Alasan Mengapa Populasi Manusia Lebih Banyak
Profesor Morgan dan Marcus Feldman dari Universitas Stanford membahas pertanyaan ini dalam makalah mereka, "Human culture is uniquely open-ended not uniquely cumulative" dan diterbitkan dalam jurnal Nature Human Behaviour.
Mereka memiliki hipotesis baru, bahwa manusia dapat mendominasi dan begitu istimewa karena faktor "keterbukaan". Keterbukaan diartikan sebagai kemampuan manusia untuk berkomunikasi dan memahami kemungkinan yang tak terbatas jumlahnya dalam hidup.
"Cara hewan berpikir tentang apa yang mereka lakukan membatasi cara budaya mereka berevolusi," kata Morgan.
"Salah satu kelemahan mereka tidak dapat membayangkan urutan yang rumit dengan mudah, atau mereka tidak dapat membayangkan sub tujuan."
"Contohnya, saat saya menyiapkan sarapan untuk anak-anak saya di pagi hari, prosesnya bertingkat dan bertahap.
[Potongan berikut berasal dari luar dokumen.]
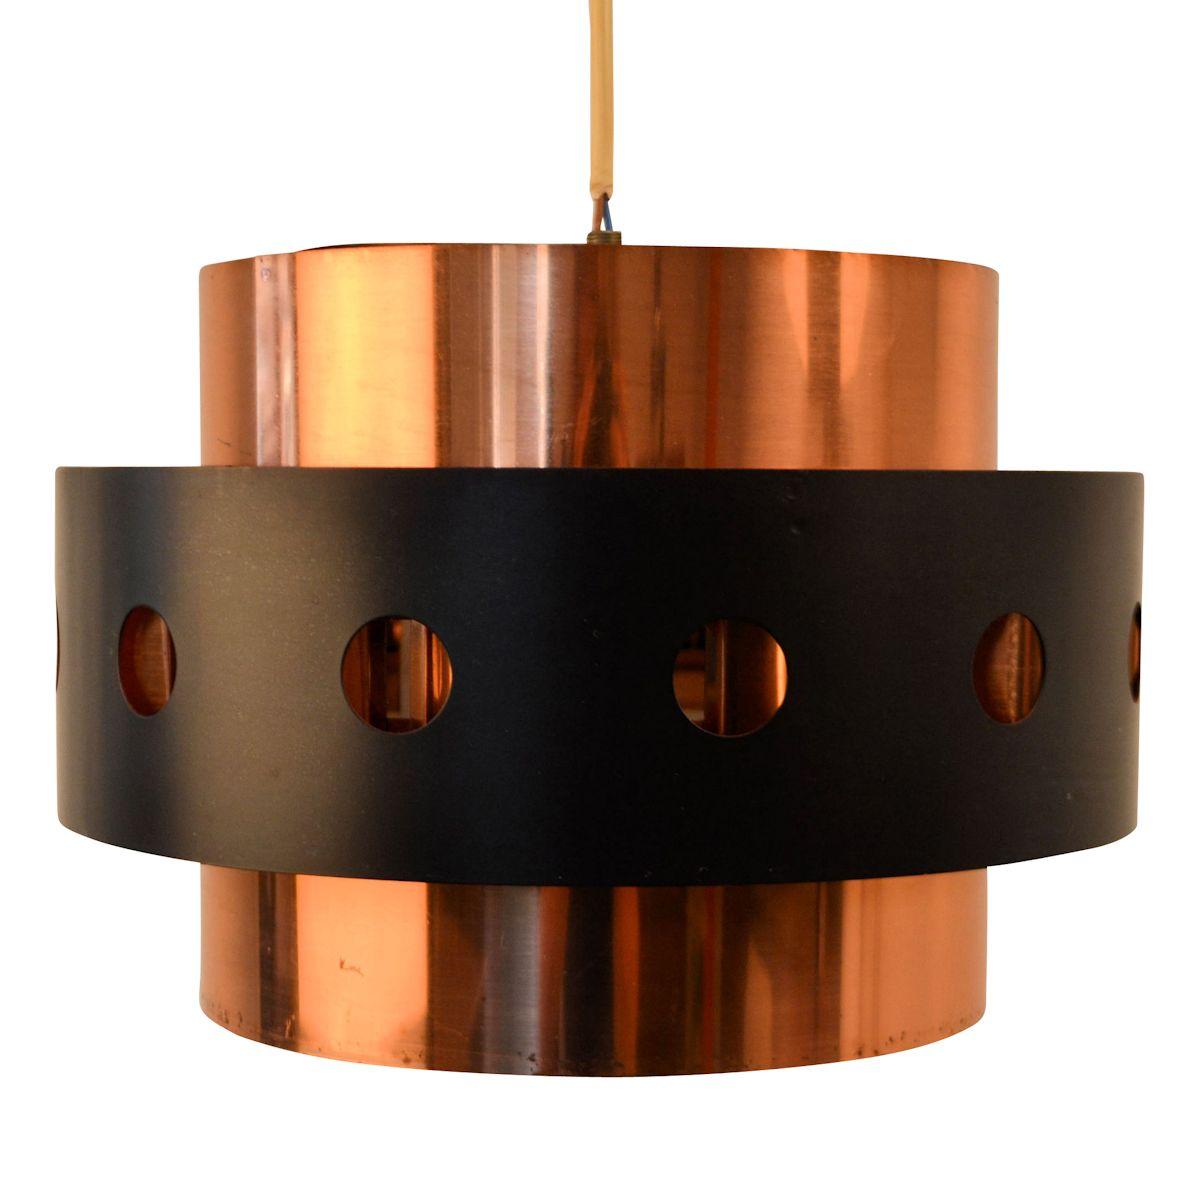 Fog & Mørup hanglamp 60's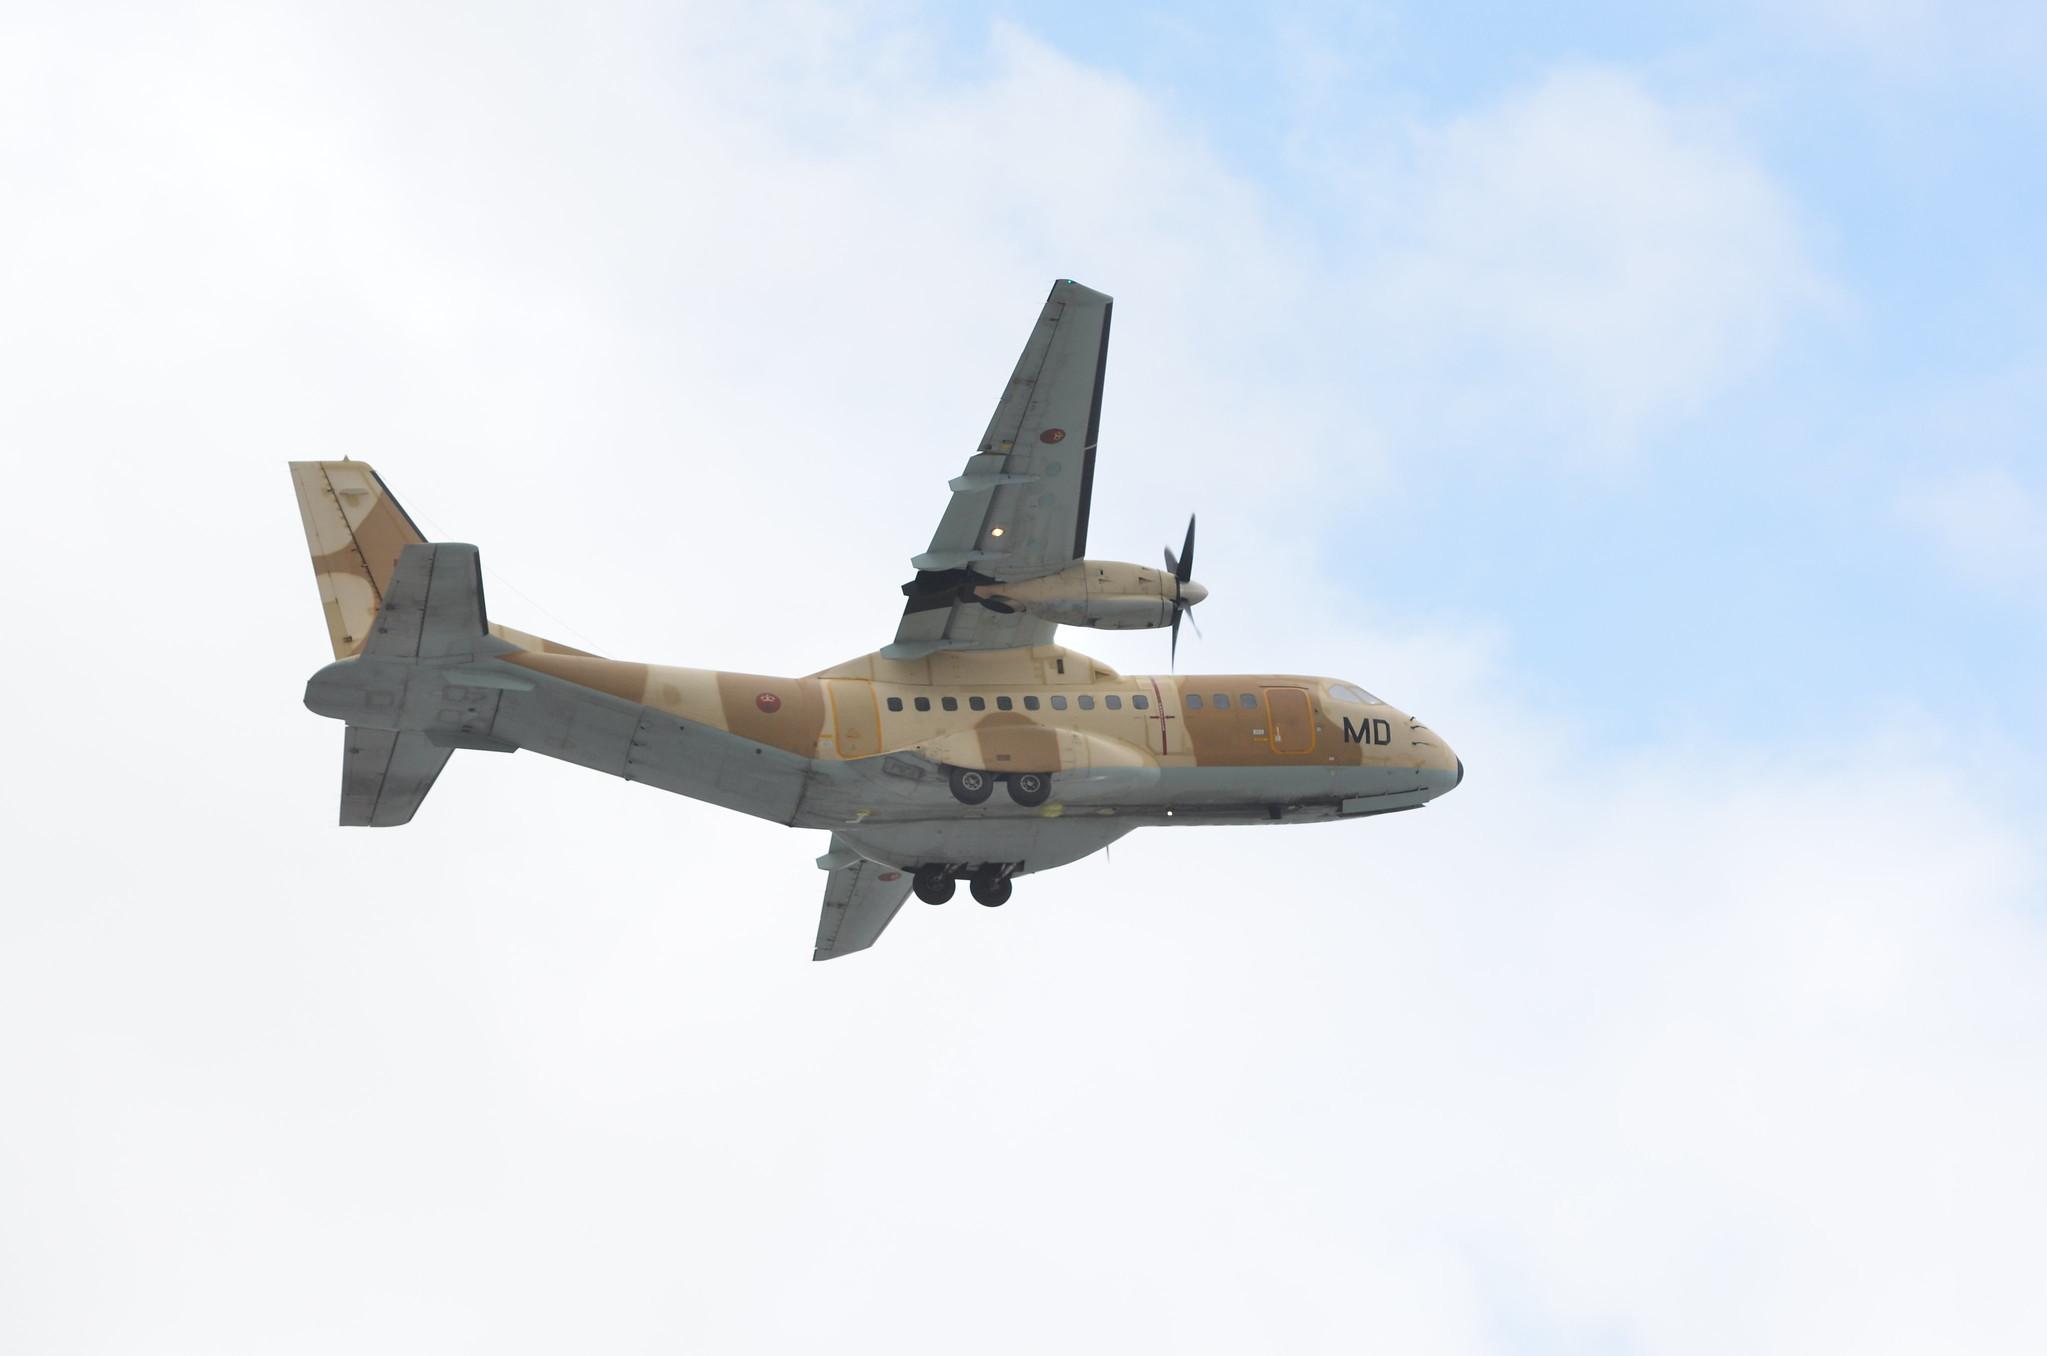 طائرات النقل العاملة بالقوات المسلحة المغربية 13060116793_1d155dbcbd_k

Pertama, saya perlu menyiapkan mangkuk, panci, dan peralatan lainnya. Kemudian, saya perlu memasukkan bahan-bahan ke dalam panci dan mulai memasak, semuanya dalam jumlah dan urutan yang tepat. Kemudian, saya perlu memasaknya, mengaduknya, dan memantau suhunya hingga mencapai kekentalan yang tepat, lalu saya perlu menyajikannya," katanya.
"Masing-masing langkah ini merupakan subtujuan, dan subtujuan ini memiliki langkah-langkah di dalamnya yang perlu saya jalankan dalam urutan yang tepat, jadi keseluruhan hal ini merupakan prosedur yang rumit."
Jika dibandingkan dengan hewan, otak manusia mampu mengingat rangkaian instruksi yang sangat rumit dan memungkinkan melakukan rangkaian aktivitas yang tidak terbatas. Inilah yang disebut keterbukaan.
Sebelumnya, ilmuwan lain telah membandingkan budaya manusia dan hewan. Sedangkan, penelitian Morgan dan Feldman tidak hanya membandingkan budaya hewan dan manusia, tetapi juga pewaris epigenetik dan efek parental. Semut pemotong daun adalah contoh efek parental dan belalang adalah contoh pewaris epigenetik kumulatif.
Meskipun pewarisan epigenetik merupakan dari pengaruh orang tua bersifat stabil dan terakumulasi pada spesies nonmanusia, keduanya pada akhirnya berhenti berkembang, jelas Morgan.
"Sama seperti budaya hewan, ada kendala yang dihadapi sistem ini dan yang menghentikan evolusinya."
"Saya pikir pertanyaan kuncinya adalah apa yang istimewa tentang budaya manusia, dan kami mencoba menjawabnya dengan membandingkan budaya manusia dengan budaya hewan, dengan epigenetika, dan dengan pengaruh orangtua-sebanyak sistem yang berevolusi yang dapat kami pikirkan. Dan pada akhirnya, kami menyimpulkan bahwa hal istimewa tentang budaya manusia adalah sifatnya yang terbuka. Budaya dapat terakumulasi tetapi tidak pernah harus berhenti, budaya terus berlanjut," terangnya.